Он слишком мало спал. Видел то, чего не было. Искал паттерны там, где их нет. Классические симптомы переутомления. Если так пойдёт дальше, скоро ему самому понадобится медблок.
– Спасибо, сержант. Продолжайте работу.
Медблок располагался в другом конце комплекса – пятнадцать минут пешком по бесконечным коридорам. Небольшое помещение, оборудованное по армейским стандартам: две койки, шкаф с медикаментами, диагностическое оборудование. Дежурный врач – капитан медицинской службы Эндрюс, молодая женщина с короткой стрижкой и уставшим взглядом.
– Мортон? – Она заглянула в планшет. – Да, поступил в пять утра. Жаловался на головокружение и дезориентацию.
– Что с ним?
– Переутомление, обезвоживание, начальная стадия истощения. Ничего серьёзного, но ему нужен отдых. Минимум трое суток, лучше – неделя.
– Можно его увидеть?
– Он спит. Дала ему седативное.
Харрингтон посмотрел на закрытую дверь палаты. За ней – человек, который несколько часов назад сказал что-то невозможное. И не помнил об этом.

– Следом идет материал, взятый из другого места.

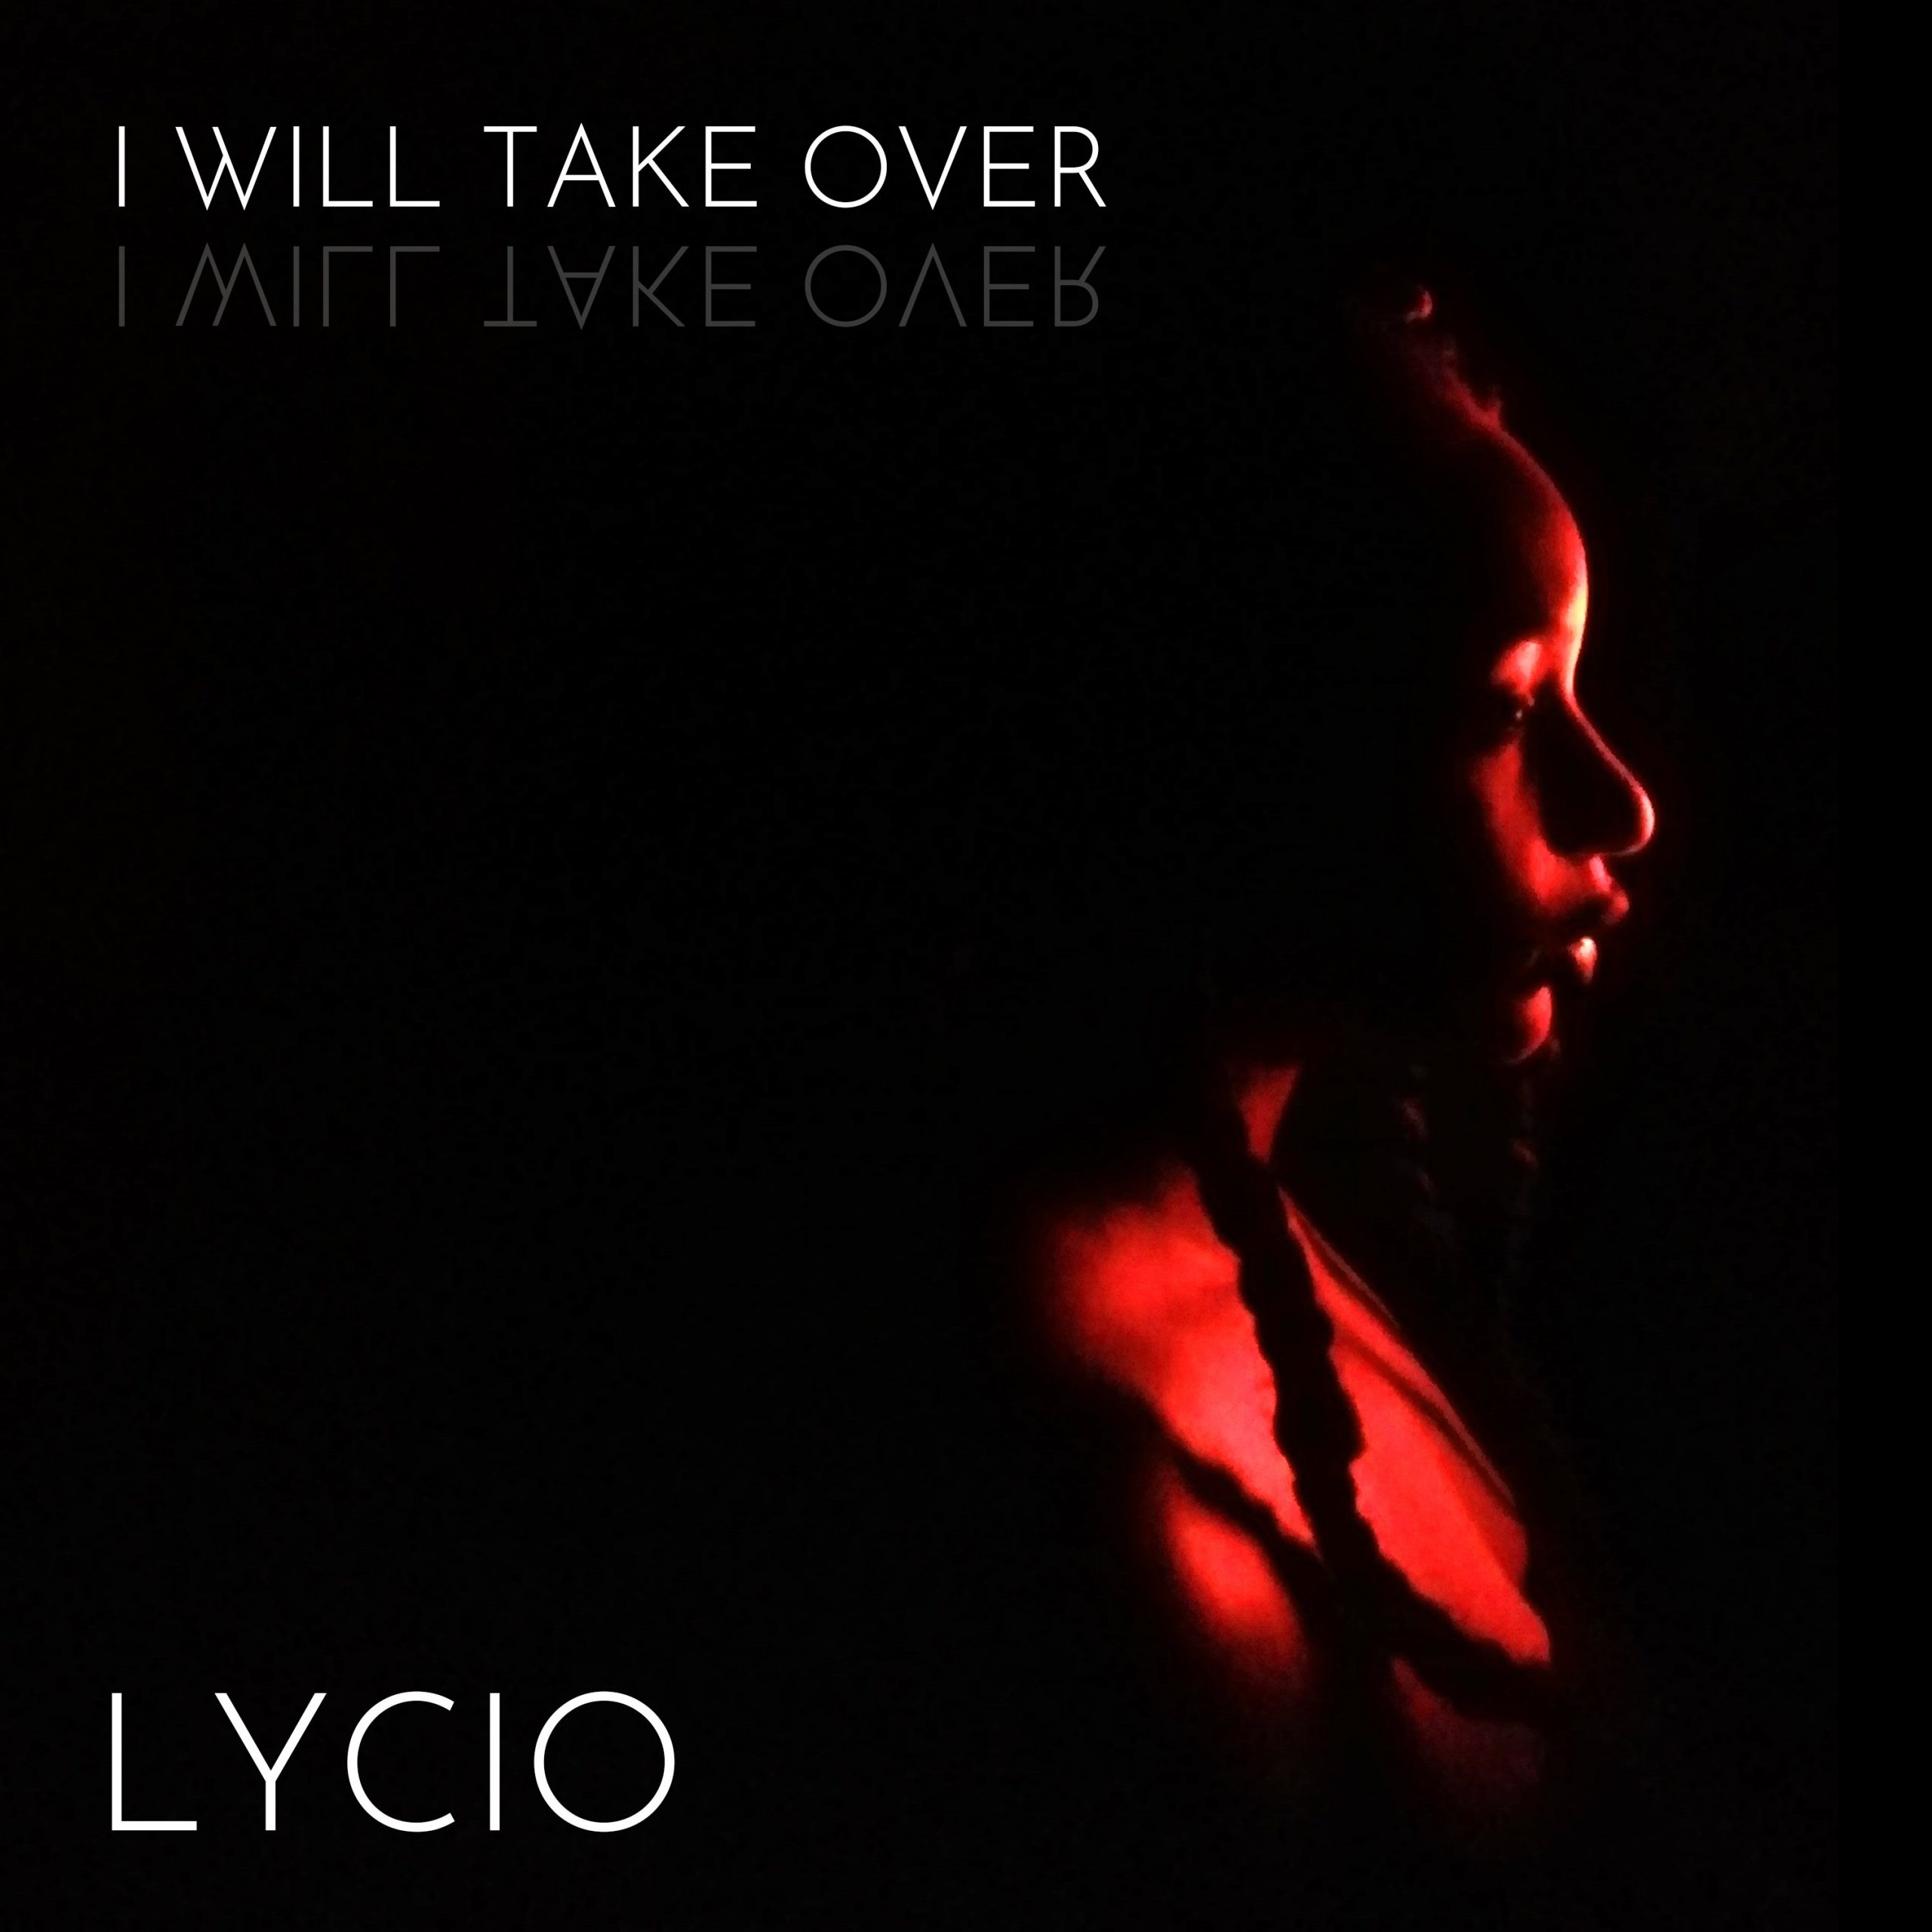 i will take over - lycio - uk - united kingdom - indie - indie music - indie pop - new music - music blog - wolf in a suit - wolfinasuit - wolf in a suit blog - wolf in a suit music blog

– Когда проснётся – пусть свяжется со мной.
– Конечно, полковник.
Он вышел из медблока и остановился в коридоре. Куда теперь? Можно вернуться в командный центр, просмотреть записи ещё раз. Можно собрать людей, провести разбор испытаний. Можно написать рапорт – стандартная процедура после любого теста.

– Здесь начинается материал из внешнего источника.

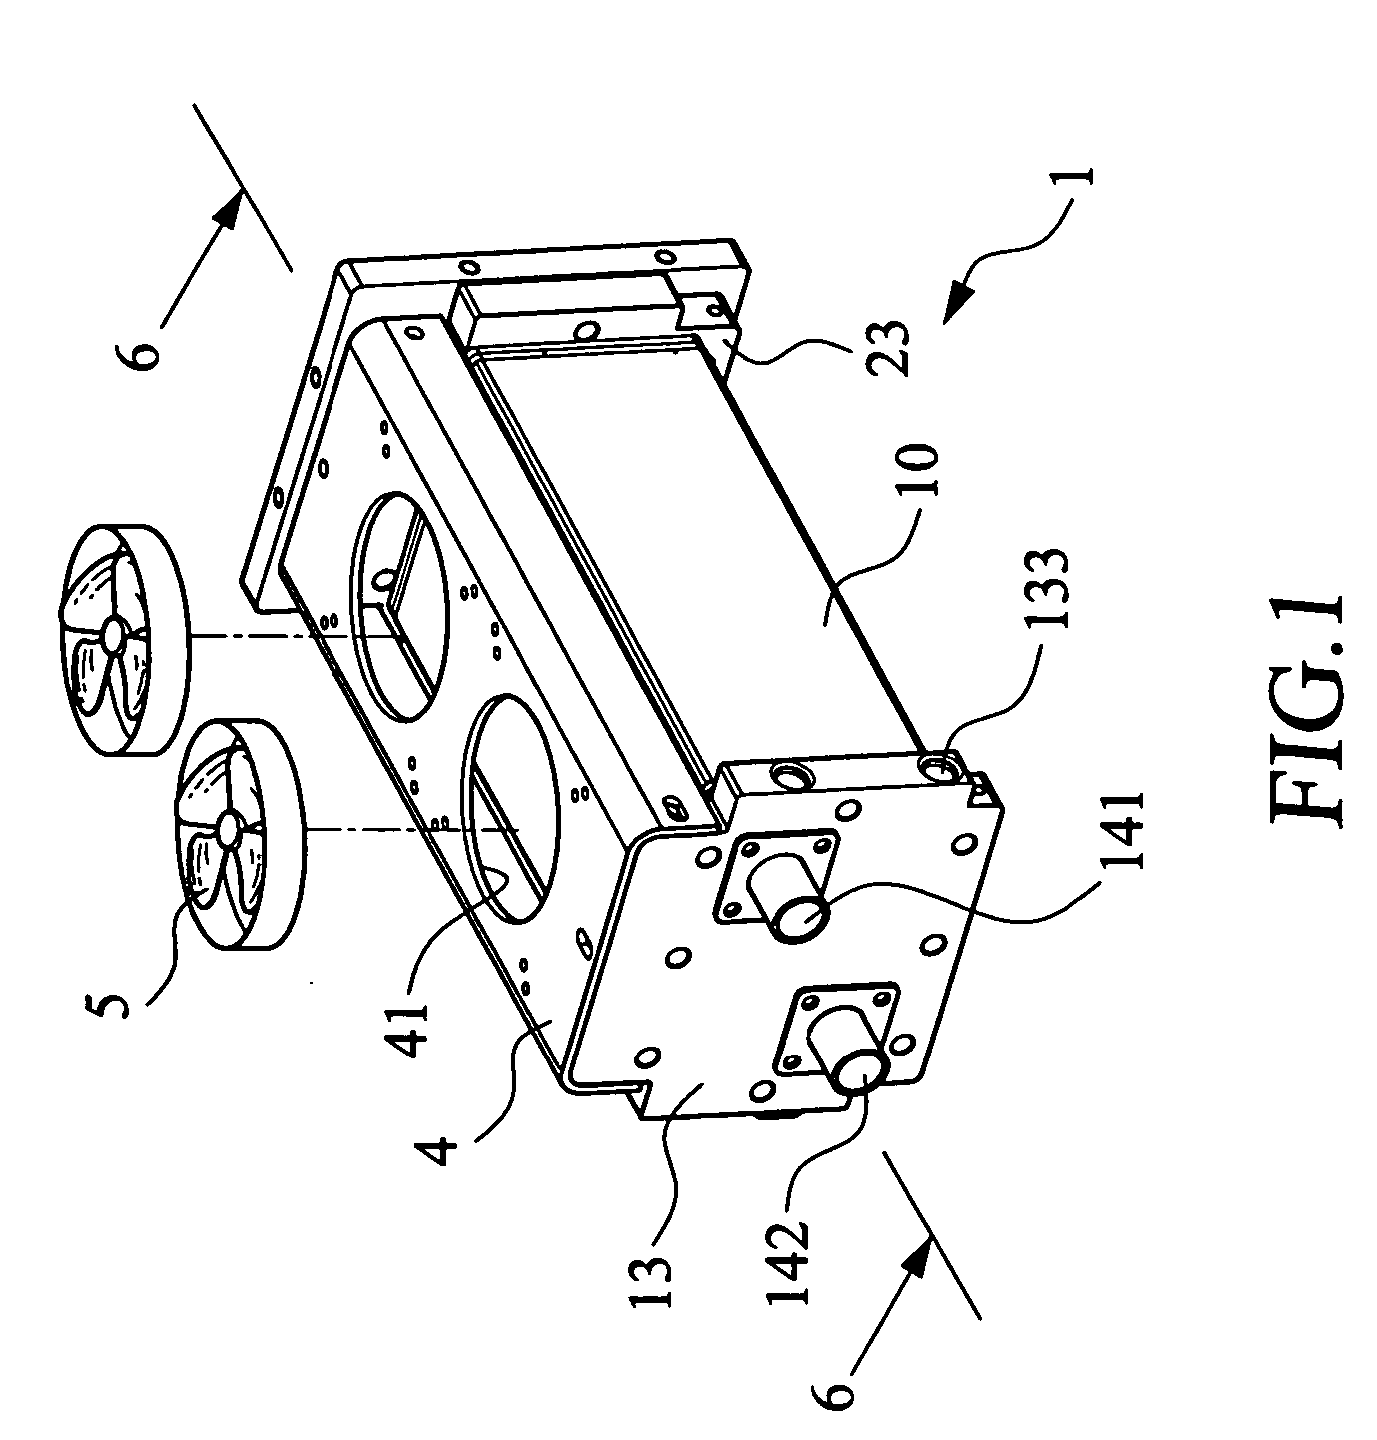 Cooling of air-cooled fuel cell system

Или можно признать, что он просто устал.
Мортон – не единственный. Вся команда работает на пределе уже несколько недель. Сроки поджимают, Пентагон требует результатов, а система до сих пор не готова к полноценным испытаниям. Давление огромное. Неудивительно, что люди начинают видеть призраков.
Он принял решение. Рапорт подождёт. Разбор – завтра. Сейчас – ещё несколько часов сна, потом звонок Саре, потом, может быть, звонок Эмили. Попробовать хотя бы. Сказать что-то. Что именно – он ещё не придумал, но это можно сделать позже.
По дороге к жилому блоку он снова прошёл мимо лаборатории. Дверь была закрыта. Изнутри не доносилось ни звука.
Тишина.
Такая полная, что он почти слышал собственное сердцебиение.
Харрингтон остановился. Посмотрел на дверь. Потом – на свои руки. Они не дрожали. Хорошо.